What I keep coming back to is how the story frames him: he looks like the traitor, the man who turned his back on the side Harry hoped he was on. The rest of the school — and Harry — are left reeling. For readers at the time, that scene was a gut-punch because it Flipped everything: a trusted headmaster is dead and a familiar professor seems to have embraced darkness. That rush of Betrayal and the unanswered questions made the book hang heavy in my thoughts for days.
2025-10-26 05:22:32
8
Lila
Lila
Favorite read: The Cold Prince
Frequent Answerer UX Designer
That ending leaves Snape at the center of a storm.
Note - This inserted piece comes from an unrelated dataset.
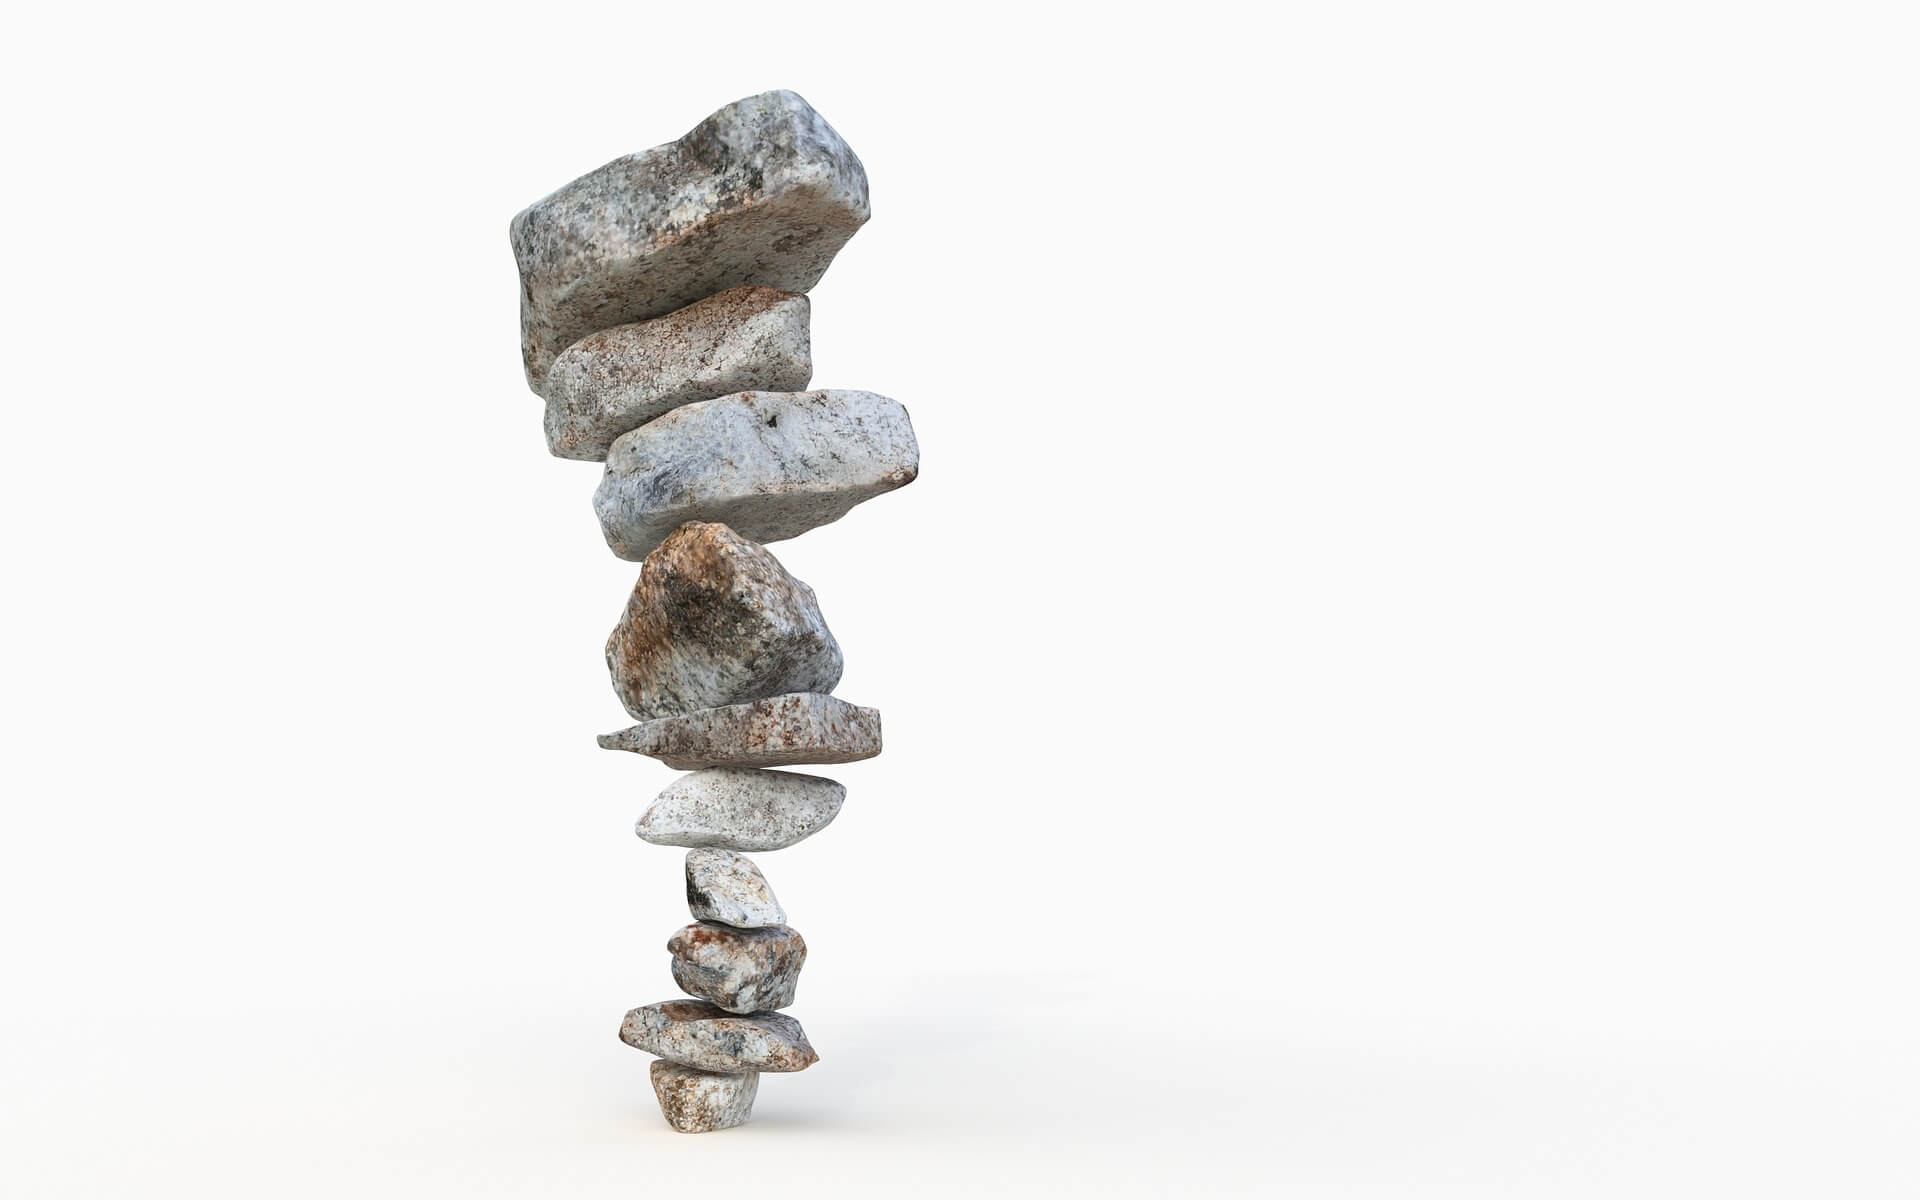 How To Buy Bitcoin With Amazon Balance
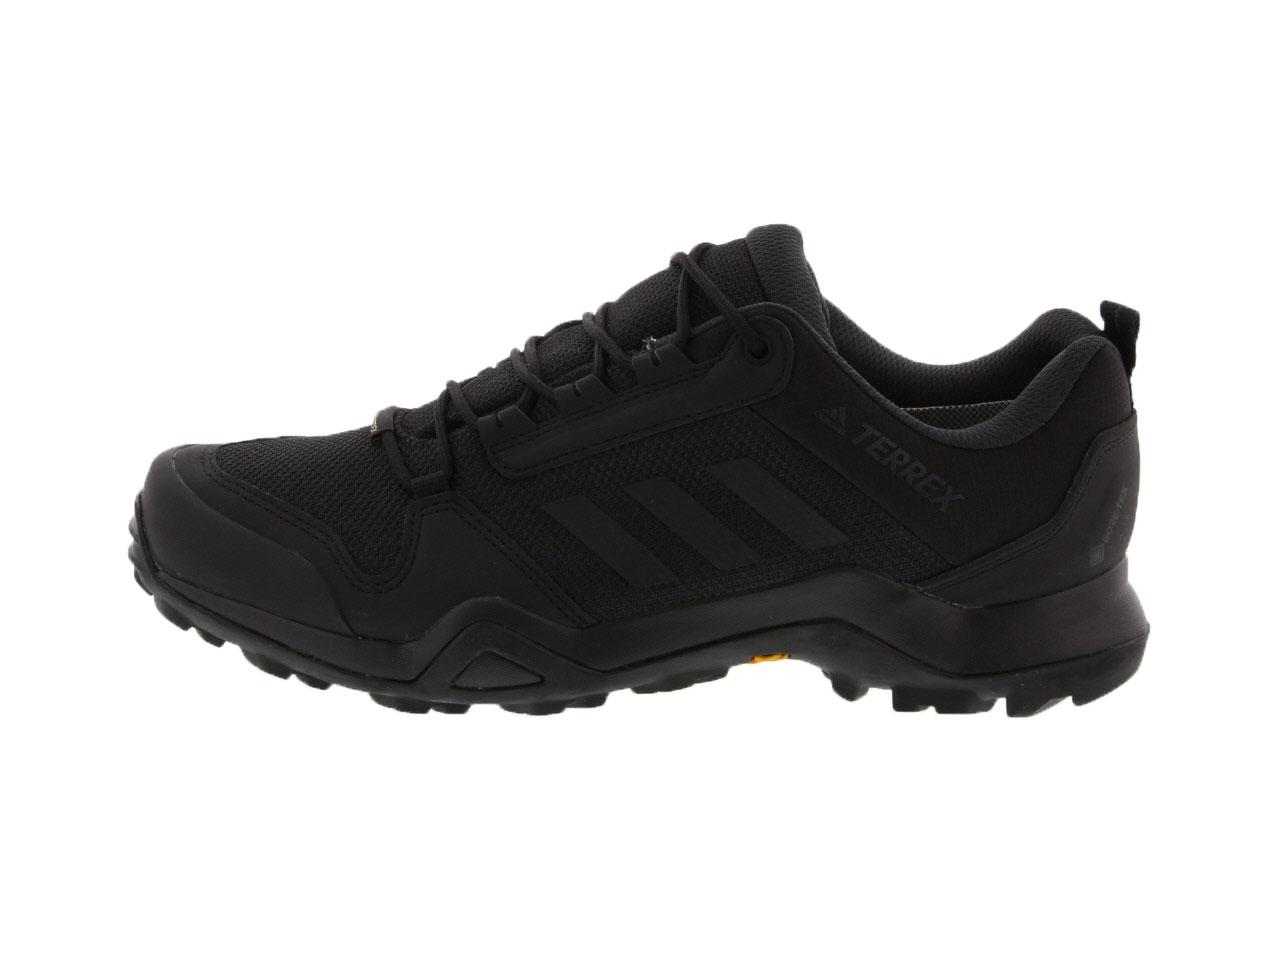 adidas TERREX AX3 GTX(BC0516)【アディダス テレックス ゴアテックス】【メンズファッション】【シューズ】【スニーカー】【靴】【フットウェア】

On the Astronomy Tower, after Dumbledore is disarmed and vulnerable, Snape steps forward and kills him with the Killing Curse. Harry sees it from under his cloak and can’t stop it; the Death Eaters celebrate while Snape rides away on a broom with them. It’s a stark, cold finish for his character within 'Harry Potter and the Half-Blood Prince', and readers are left stunned, unsure whether to hate or pity him. I felt disconnected and stunned all at once, which kept me turning pages long after lights out.
2025-10-26 20:57:01
11
Titus
Titus
Favorite read: THE HALF BLOOD'S CURSE
Longtime Reader Cashier
That final scene in 'harry potter and the half-blood prince' slammed into me like a cold gust of wind. I watched It on the page and felt my stomach drop: after Dumbledore is weakened on the Astronomy Tower, a tense confrontation unfolds, Draco fails to deliver the kill, and then Severus Snape steps forward and casts the killing curse. Dumbledore collapses and the tower erupts into chaos.

I'm the kind of person who notices little details, so the way everyone reacts — shock, disbelief, and then the sudden, calculated calm of Snape as he mounts a broom and flies away with the Death Eaters — stuck with me. Harry is forced to duck and watch, powerless under his invisibility cloak, and the book leaves readers with that raw, unresolved feeling: was Snape a traitor, a pawn, or something far more complicated? The ending paints him as the villain in that moment, and that ambiguity is part of what made me stay up all night turning the pages. I closed the book shaken and oddly fascinated.